After all, cumulatively these drought hot spots, places now experiencing record or near-record aridity, could be thought of as representing so many burning questions for our planet. And yet you can search far and wide without stumbling across a mainstream American overview of drought in our world at this moment. This seems, politely put, puzzling, especially at a time when University College London's Global Drought Monitor claims that 104million people are now living under “exceptional drought conditions.”
Scientists generally agree that, as climate change accelerates throughout this century (and no matter what happens from here on in, nothing will evidently stop some form of acceleration), extreme weather of every sort,including drought, will become ever more the planetary norm.
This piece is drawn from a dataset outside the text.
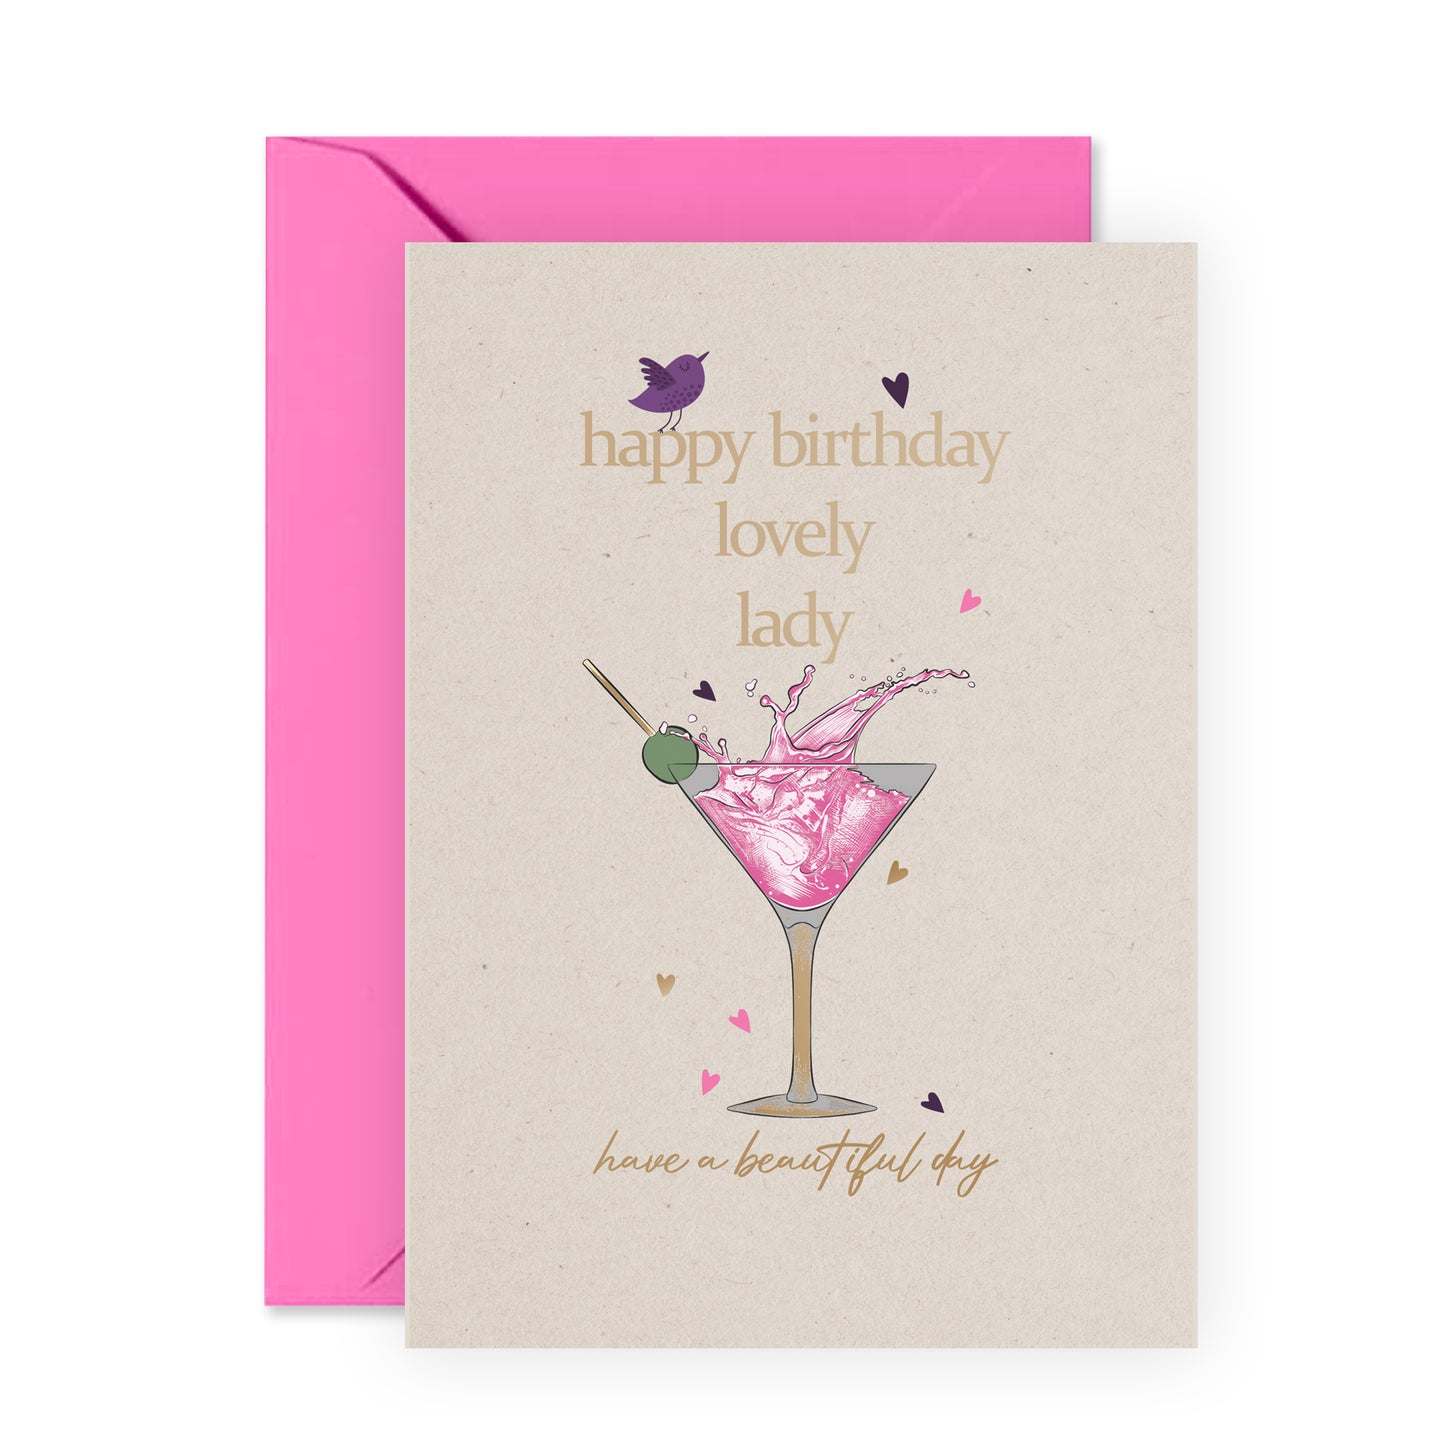 Cute Birthday Card - Happy Birthday Lovely Lady - For Women

In fact,experts are suggesting that, as the Washington Post reported recently, “The pace of global warming is likely to be much faster than recent predictions,because industrial greenhouse gas emissions have increased more quickly than expected and higher temperatures are triggering self-reinforcing feedback mechanisms in global ecosystems.”
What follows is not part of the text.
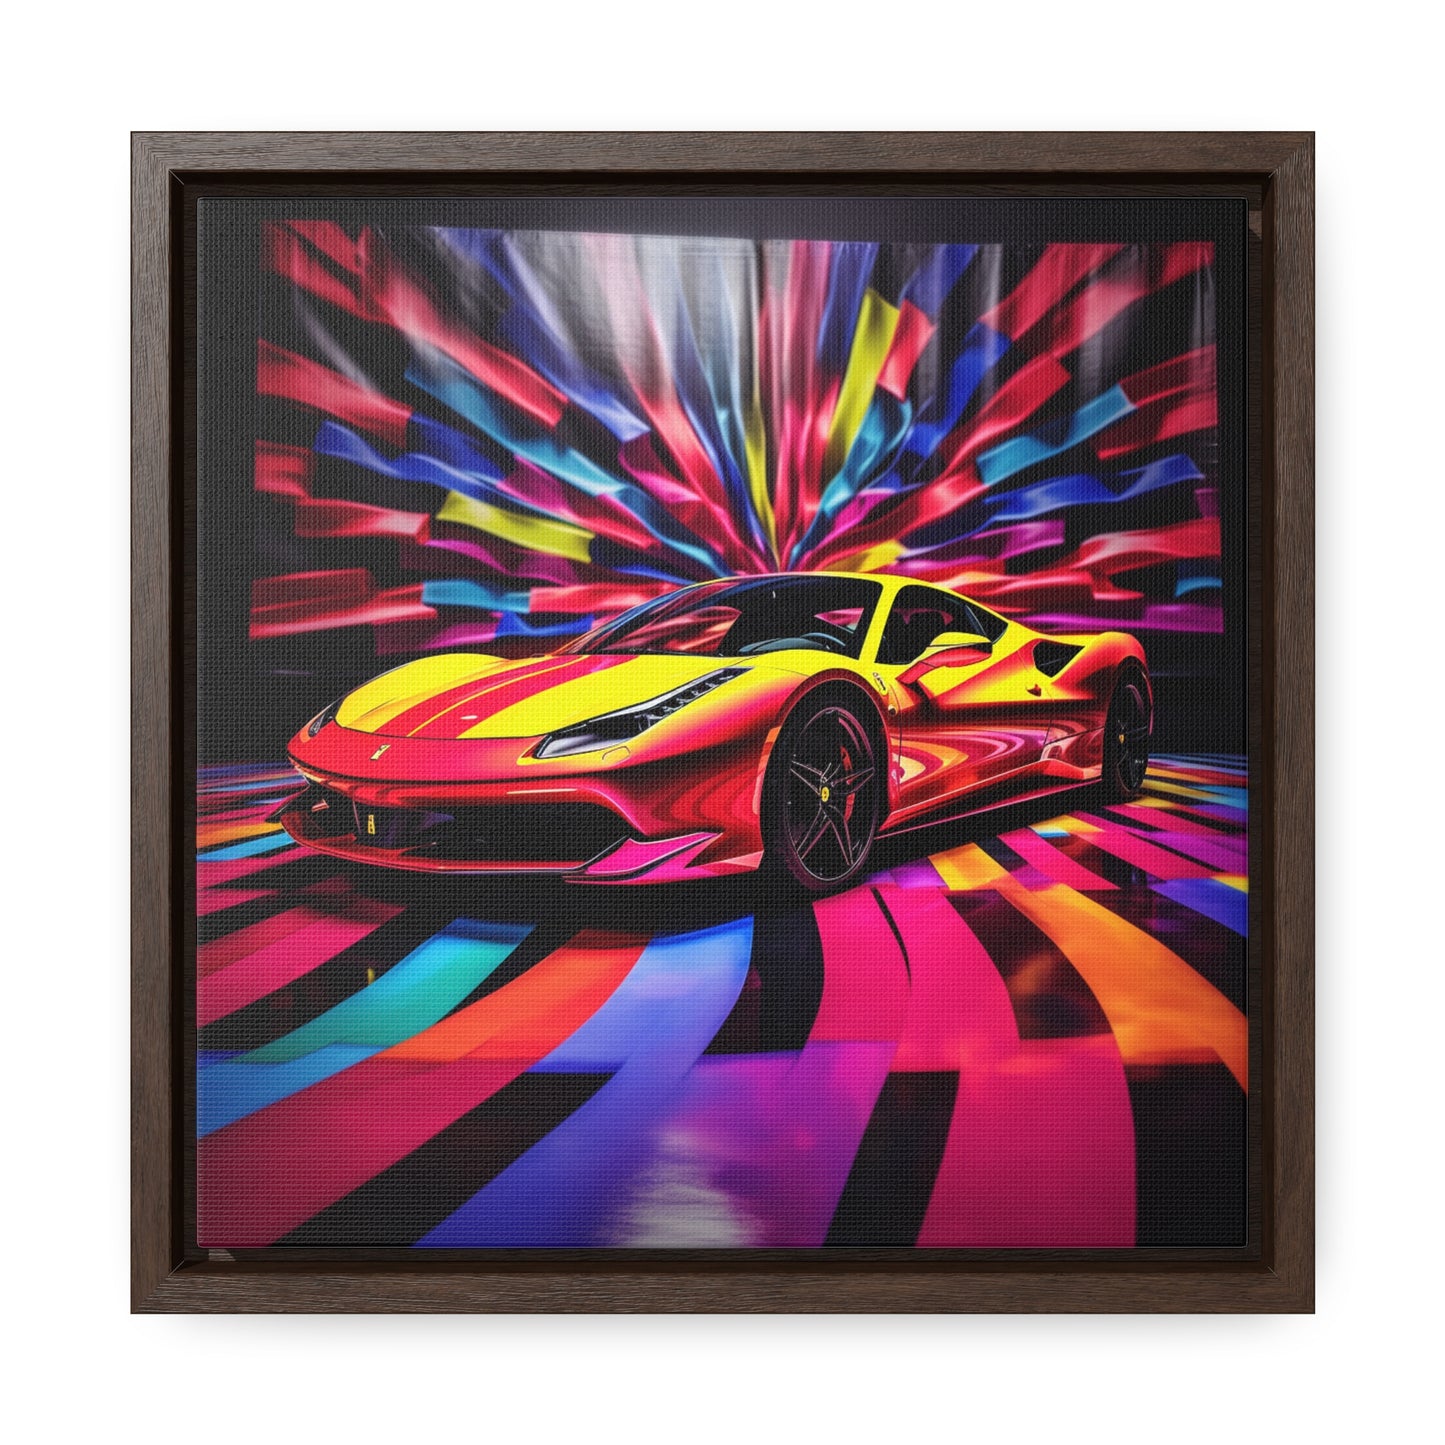 Gallery Canvas Wraps, Square Frame Macro Flag Ferrari 3

Now, no one can claim beyond all doubt that global warming is the cause of any specific drought, or certainly the only cause anyway. As with the Texas drought, a La Niña weather pattern in the Pacific is often mentioned as a key causal factor right now. But the crucial point is what the present can tell us about the impact of a global pattern of extreme weather, especially extreme drought, on what will surely be a more extreme planet in the relatively near future.
If global temperatures are on the rise and more heat means lower crop yields, then you're talking about more Kenyas, and not just in Africa either. You're probably also talking about desperation, upheaval, resource conflicts, and mass out-migrations of populations, even -- if scientists are right -- from the American Southwest. (And in case you don't think such a thing can happen here, remember Steinbeck's The Grapes of Wrath or think of any of Dorothea Lange's iconic photos of the “Okies” fleeing the American dust bowl of the 1930s.)
Burning Questions
Right now, the global economic meltdown has massively depressed fuel prices(key to farming, processing, and transporting most crops to market) and commodity prices have generally fallen as well, including food prices.Whatever the future economic weather, however, that is not likely to last.
So here's a burning question on my mind: We're now experiencing the extreme effects of economic bad “weather” in the wake of the near collapse of the global financial system. Nonetheless, from the White House to the media, speculation about “the road to recovery” is already underway. The stimulus package, for instance, had been dubbed the”recovery bill,” aka the American Recovery and Reinvestment Act, and the question of when we'll hit bottom and when -- 2010, 2011, 2012 -- a real recovery will begin is certainly in the air.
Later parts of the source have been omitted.